▶ **WHAT THE EXERCISE ASKS**
Copy the data exactly; pictures stay out of the copy.

▶ **DATA SECTION**
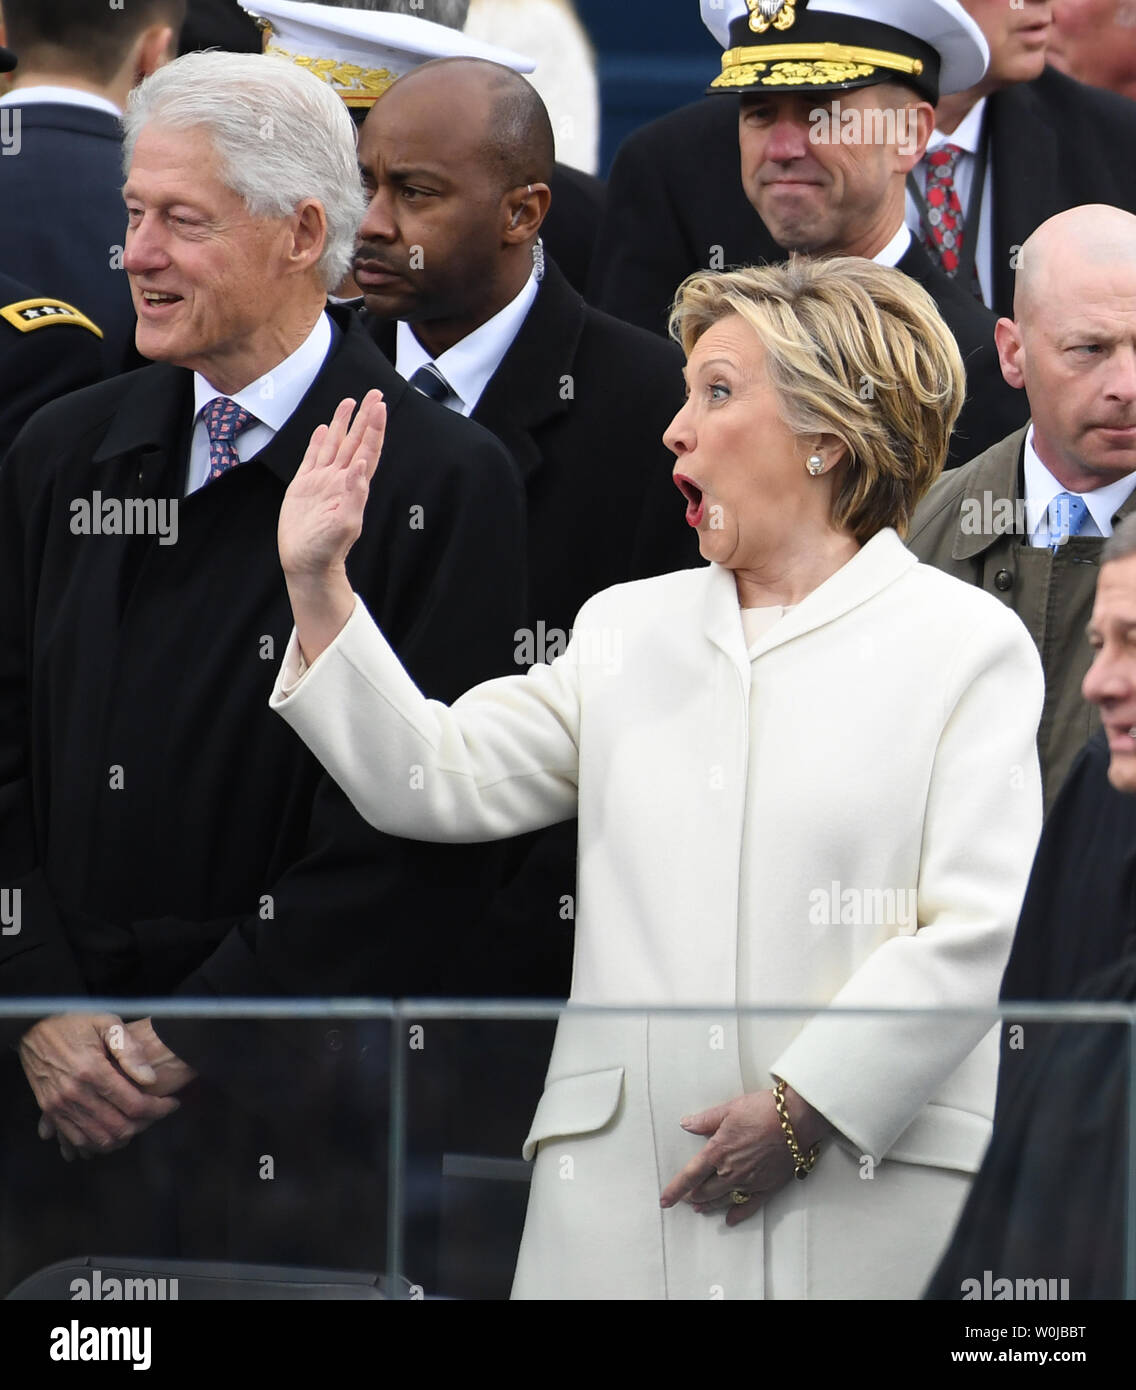 L'ancien Président Bill Clinton (L) et Hillary Clinton accueillent les clients à l'inauguration le 20 janvier 2017 à Washington, D.C. L'atout de Donald devient le 45e président des États-Unis. Photo de Pat Benic/UPI Banque D'Images
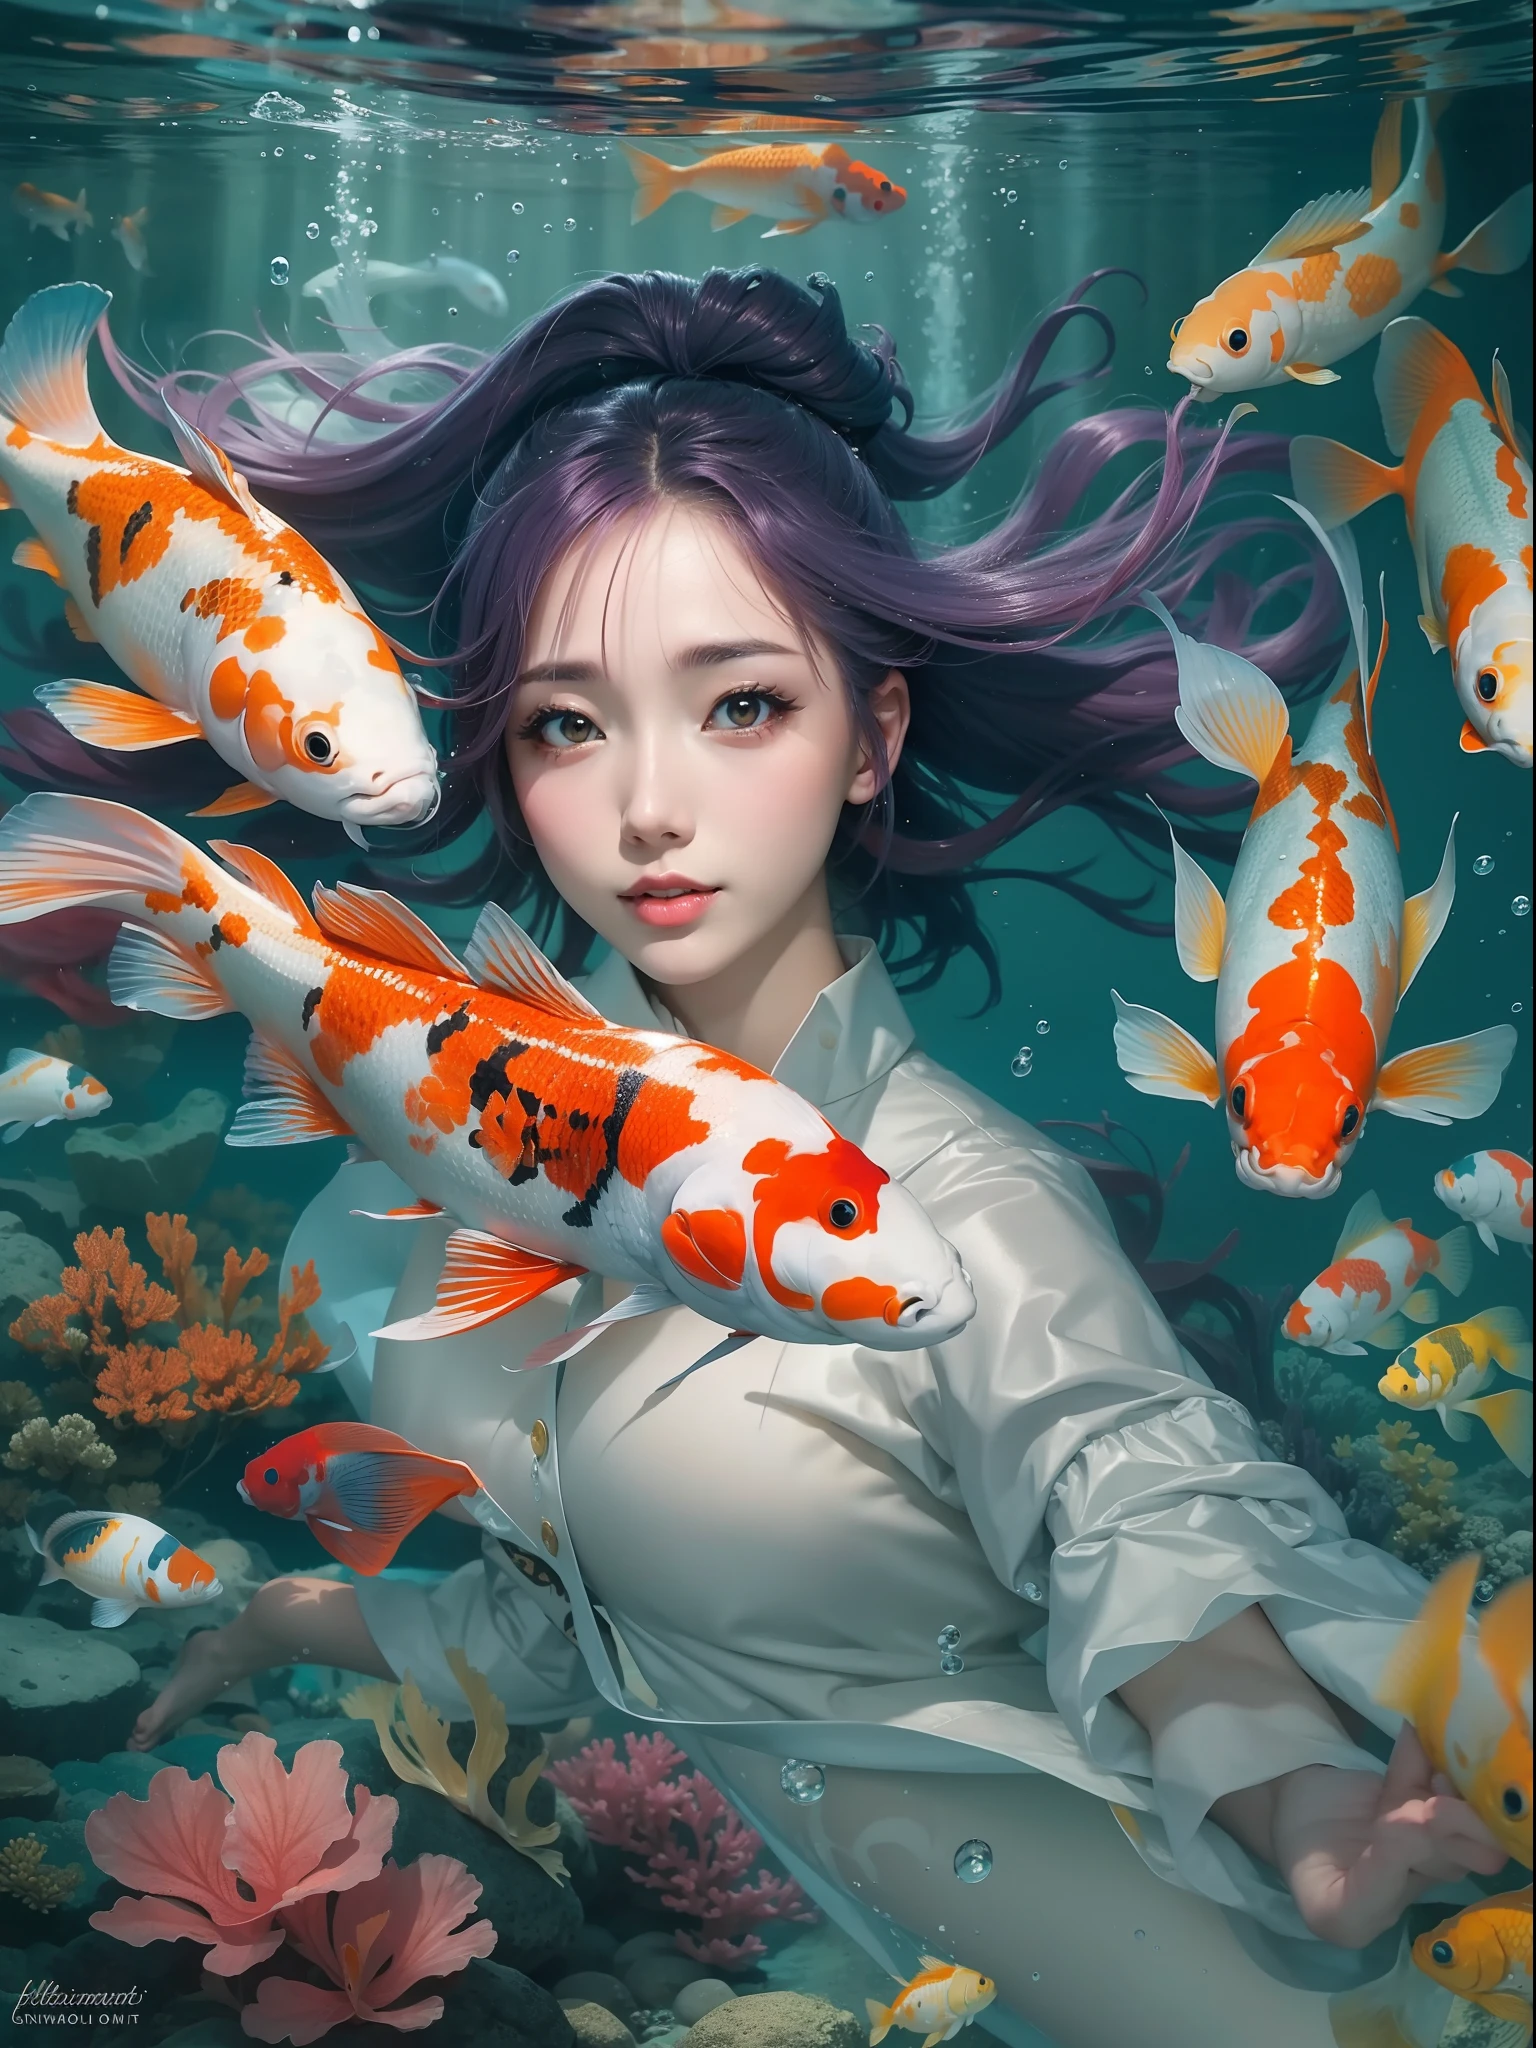 "Escena submarina con un fascinante pez koi y una elegante chica."
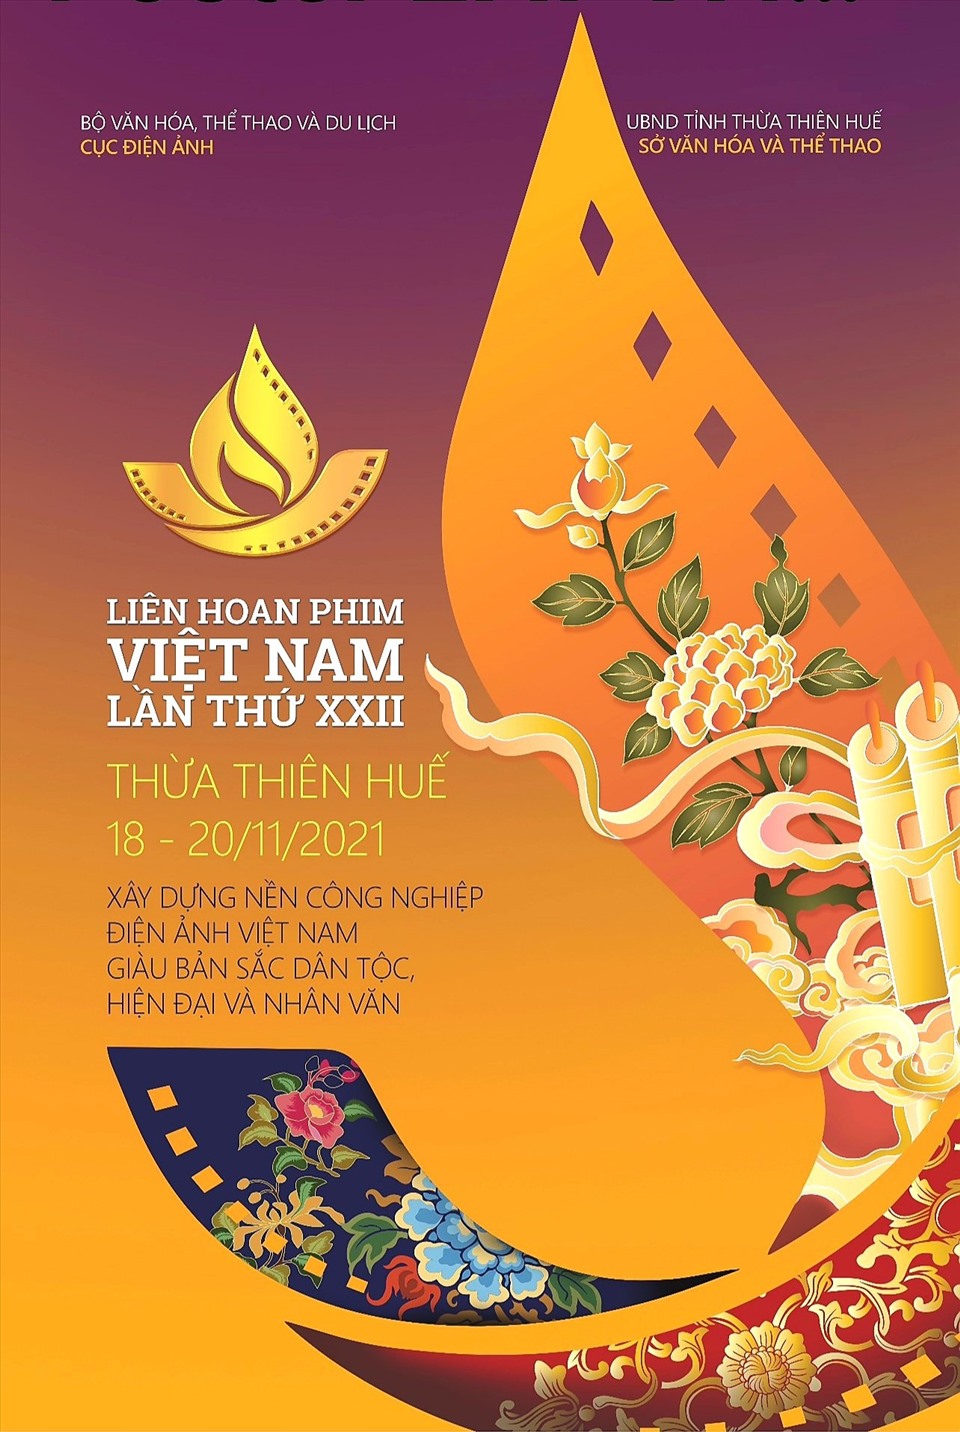 Liên hoan phim Việt Nam lần này là cơ hội để Huế khai thác mạnh hơn nữa tiềm năng điện ảnh.
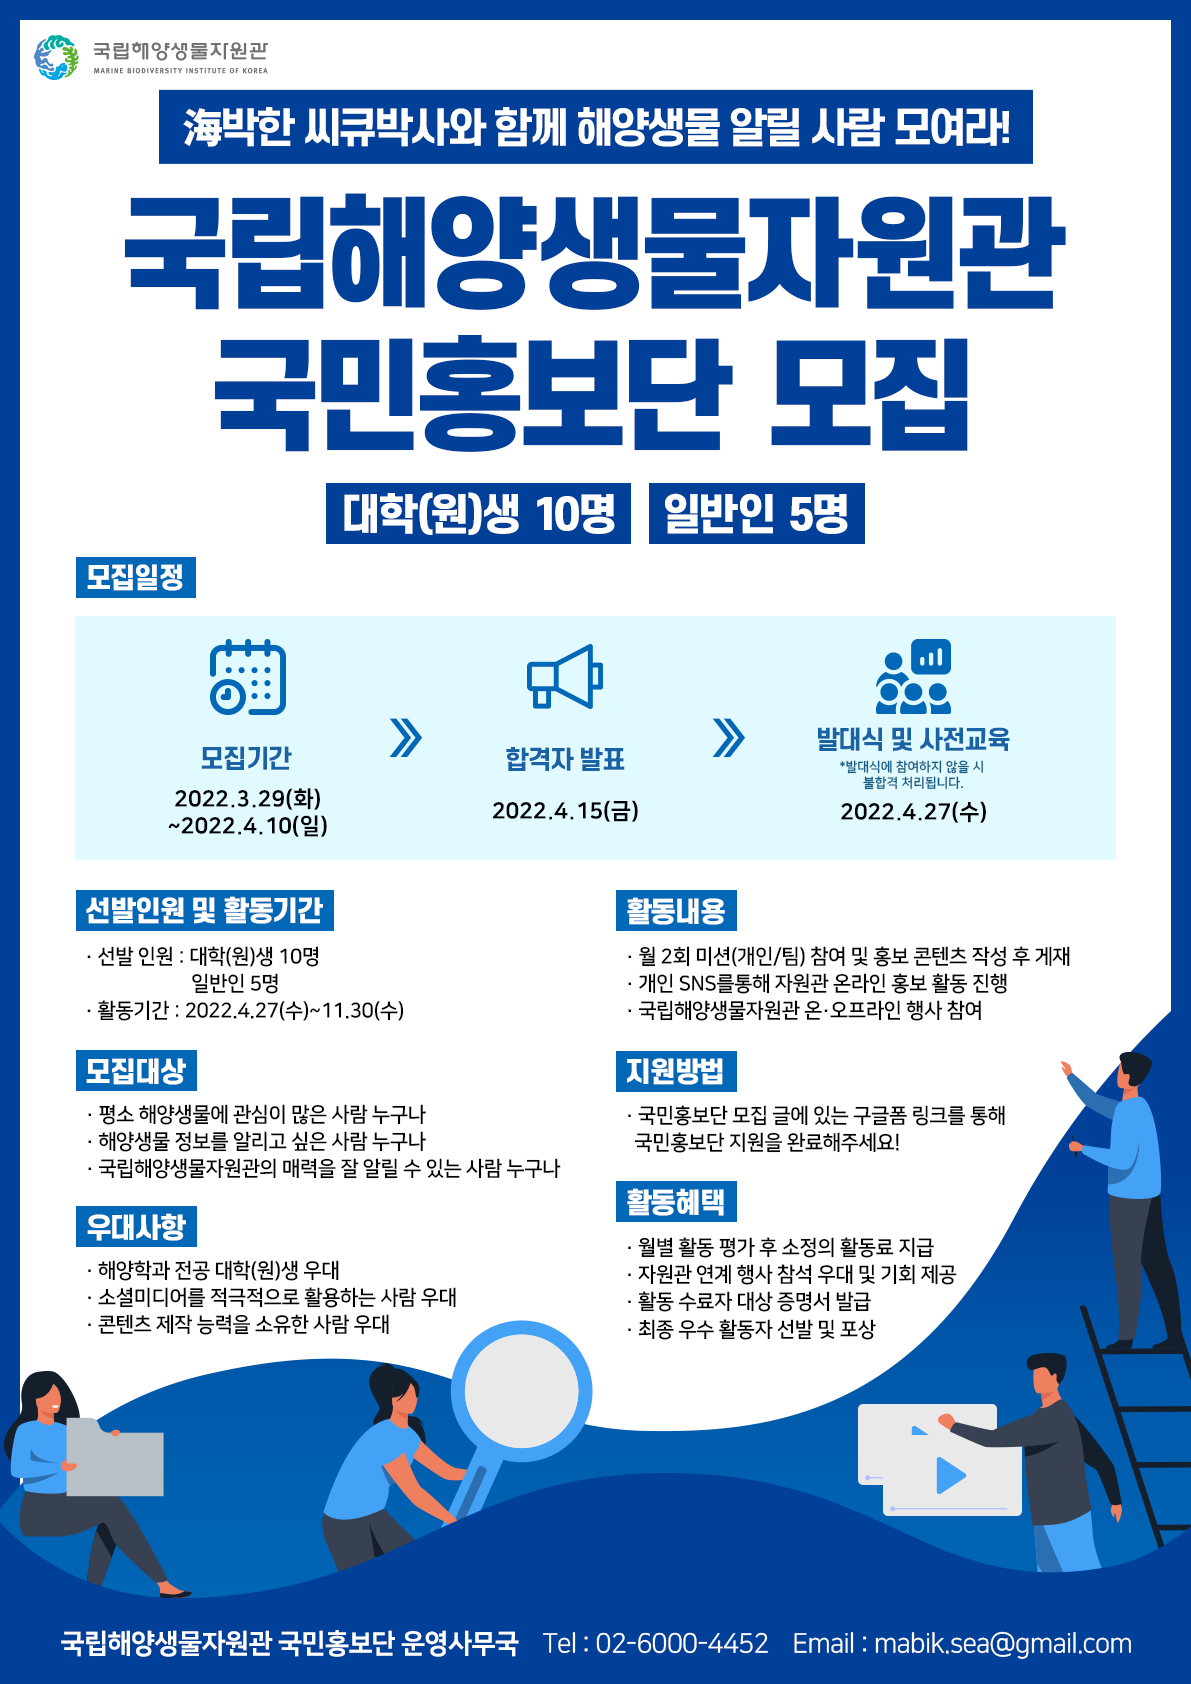 국립해양생물자원관 국민홍보단 모집

▶ **REPLY**
 L'ancien Président Bill Clinton (L) et Hillary Clinton accueillent les clients à l'inauguration le 20 janvier 2017 à Washington, D.C. L'atout de Donald devient le 45e président des États-Unis. Photo de Pat Benic/UPI Banque D'Images
 "Escena submarina con un fascinante pez koi y una elegante chica."
 Liên hoan phim Việt Nam lần này là cơ hội để Huế khai thác mạnh hơn nữa tiềm năng điện ảnh.
 국립해양생물자원관 국민홍보단 모집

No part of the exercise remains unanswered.